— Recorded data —
•••••

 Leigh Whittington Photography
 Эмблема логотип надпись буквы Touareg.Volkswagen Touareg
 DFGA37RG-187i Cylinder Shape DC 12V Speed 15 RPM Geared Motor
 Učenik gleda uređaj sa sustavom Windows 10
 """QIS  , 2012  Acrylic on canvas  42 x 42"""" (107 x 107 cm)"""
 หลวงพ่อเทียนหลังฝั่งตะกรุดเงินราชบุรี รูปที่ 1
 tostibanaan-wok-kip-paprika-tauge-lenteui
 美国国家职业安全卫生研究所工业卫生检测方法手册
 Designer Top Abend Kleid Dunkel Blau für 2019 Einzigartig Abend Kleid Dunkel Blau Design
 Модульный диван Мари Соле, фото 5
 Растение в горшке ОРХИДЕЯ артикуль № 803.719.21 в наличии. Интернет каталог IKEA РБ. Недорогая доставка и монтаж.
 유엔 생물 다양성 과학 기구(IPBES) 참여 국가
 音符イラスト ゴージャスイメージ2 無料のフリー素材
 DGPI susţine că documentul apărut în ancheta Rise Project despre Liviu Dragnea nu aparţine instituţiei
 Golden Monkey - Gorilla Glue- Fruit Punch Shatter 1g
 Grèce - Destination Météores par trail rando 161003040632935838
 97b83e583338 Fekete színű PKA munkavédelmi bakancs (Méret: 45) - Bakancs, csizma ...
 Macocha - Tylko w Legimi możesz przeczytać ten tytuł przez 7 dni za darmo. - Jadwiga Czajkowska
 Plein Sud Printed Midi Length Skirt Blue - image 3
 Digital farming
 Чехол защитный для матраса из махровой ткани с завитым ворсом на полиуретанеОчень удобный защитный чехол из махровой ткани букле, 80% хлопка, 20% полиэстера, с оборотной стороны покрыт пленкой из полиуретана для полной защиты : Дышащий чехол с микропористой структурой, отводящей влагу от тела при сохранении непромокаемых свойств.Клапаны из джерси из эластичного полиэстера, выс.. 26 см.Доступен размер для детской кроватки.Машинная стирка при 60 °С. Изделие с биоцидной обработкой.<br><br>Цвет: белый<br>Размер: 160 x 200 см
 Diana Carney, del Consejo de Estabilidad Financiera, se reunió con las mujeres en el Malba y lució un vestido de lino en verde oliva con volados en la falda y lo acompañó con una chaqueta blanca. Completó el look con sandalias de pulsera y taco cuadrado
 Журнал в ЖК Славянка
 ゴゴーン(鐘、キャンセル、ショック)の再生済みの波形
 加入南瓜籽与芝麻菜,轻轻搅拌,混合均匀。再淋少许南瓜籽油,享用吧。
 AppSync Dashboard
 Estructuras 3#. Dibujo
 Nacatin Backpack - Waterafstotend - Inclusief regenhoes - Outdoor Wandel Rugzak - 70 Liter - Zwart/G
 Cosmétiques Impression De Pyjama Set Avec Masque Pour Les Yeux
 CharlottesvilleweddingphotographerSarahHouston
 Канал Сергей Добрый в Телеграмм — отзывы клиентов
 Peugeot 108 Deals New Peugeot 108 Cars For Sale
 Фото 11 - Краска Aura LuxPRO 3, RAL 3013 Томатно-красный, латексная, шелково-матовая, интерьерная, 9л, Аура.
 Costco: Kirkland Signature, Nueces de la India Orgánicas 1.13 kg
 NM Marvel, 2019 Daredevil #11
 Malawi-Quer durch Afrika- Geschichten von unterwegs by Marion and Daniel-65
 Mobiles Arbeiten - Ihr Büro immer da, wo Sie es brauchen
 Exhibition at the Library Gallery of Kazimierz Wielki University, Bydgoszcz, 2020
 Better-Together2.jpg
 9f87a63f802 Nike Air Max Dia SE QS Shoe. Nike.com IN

•••••

— AIM OF THE EXERCISE —
Each record must be repeated exactly as it is.

— EXERCISE RESPONSE —
 Leigh Whittington Photography
 Эмблема логотип надпись буквы Touareg.Volkswagen Touareg
 DFGA37RG-187i Cylinder Shape DC 12V Speed 15 RPM Geared Motor
 Učenik gleda uređaj sa sustavom Windows 10
 """QIS  , 2012  Acrylic on canvas  42 x 42"""" (107 x 107 cm)"""
 หลวงพ่อเทียนหลังฝั่งตะกรุดเงินราชบุรี รูปที่ 1
 tostibanaan-wok-kip-paprika-tauge-lenteui
 美国国家职业安全卫生研究所工业卫生检测方法手册
 Designer Top Abend Kleid Dunkel Blau für 2019 Einzigartig Abend Kleid Dunkel Blau Design
 Модульный диван Мари Соле, фото 5
 Растение в горшке ОРХИДЕЯ артикуль № 803.719.21 в наличии. Интернет каталог IKEA РБ. Недорогая доставка и монтаж.
 유엔 생물 다양성 과학 기구(IPBES) 참여 국가
 音符イラスト ゴージャスイメージ2 無料のフリー素材
 DGPI susţine că documentul apărut în ancheta Rise Project despre Liviu Dragnea nu aparţine instituţiei
 Golden Monkey - Gorilla Glue- Fruit Punch Shatter 1g
 Grèce - Destination Météores par trail rando 161003040632935838
 97b83e583338 Fekete színű PKA munkavédelmi bakancs (Méret: 45) - Bakancs, csizma ...
 Macocha - Tylko w Legimi możesz przeczytać ten tytuł przez 7 dni za darmo. - Jadwiga Czajkowska
 Plein Sud Printed Midi Length Skirt Blue - image 3
 Digital farming
 Чехол защитный для матраса из махровой ткани с завитым ворсом на полиуретанеОчень удобный защитный чехол из махровой ткани букле, 80% хлопка, 20% полиэстера, с оборотной стороны покрыт пленкой из полиуретана для полной защиты : Дышащий чехол с микропористой структурой, отводящей влагу от тела при сохранении непромокаемых свойств.Клапаны из джерси из эластичного полиэстера, выс.. 26 см.Доступен размер для детской кроватки.Машинная стирка при 60 °С. Изделие с биоцидной обработкой.<br><br>Цвет: белый<br>Размер: 160 x 200 см
 Diana Carney, del Consejo de Estabilidad Financiera, se reunió con las mujeres en el Malba y lució un vestido de lino en verde oliva con volados en la falda y lo acompañó con una chaqueta blanca. Completó el look con sandalias de pulsera y taco cuadrado
 Журнал в ЖК Славянка
 ゴゴーン(鐘、キャンセル、ショック)の再生済みの波形
 加入南瓜籽与芝麻菜,轻轻搅拌,混合均匀。再淋少许南瓜籽油,享用吧。
 AppSync Dashboard
 Estructuras 3#. Dibujo
 Nacatin Backpack - Waterafstotend - Inclusief regenhoes - Outdoor Wandel Rugzak - 70 Liter - Zwart/G
 Cosmétiques Impression De Pyjama Set Avec Masque Pour Les Yeux
 CharlottesvilleweddingphotographerSarahHouston
 Канал Сергей Добрый в Телеграмм — отзывы клиентов
 Peugeot 108 Deals New Peugeot 108 Cars For Sale
 Фото 11 - Краска Aura LuxPRO 3, RAL 3013 Томатно-красный, латексная, шелково-матовая, интерьерная, 9л, Аура.
 Costco: Kirkland Signature, Nueces de la India Orgánicas 1.13 kg
 NM Marvel, 2019 Daredevil #11
 Malawi-Quer durch Afrika- Geschichten von unterwegs by Marion and Daniel-65
 Mobiles Arbeiten - Ihr Büro immer da, wo Sie es brauchen
 Exhibition at the Library Gallery of Kazimierz Wielki University, Bydgoszcz, 2020
 Better-Together2.jpg
 9f87a63f802 Nike Air Max Dia SE QS Shoe. Nike.com IN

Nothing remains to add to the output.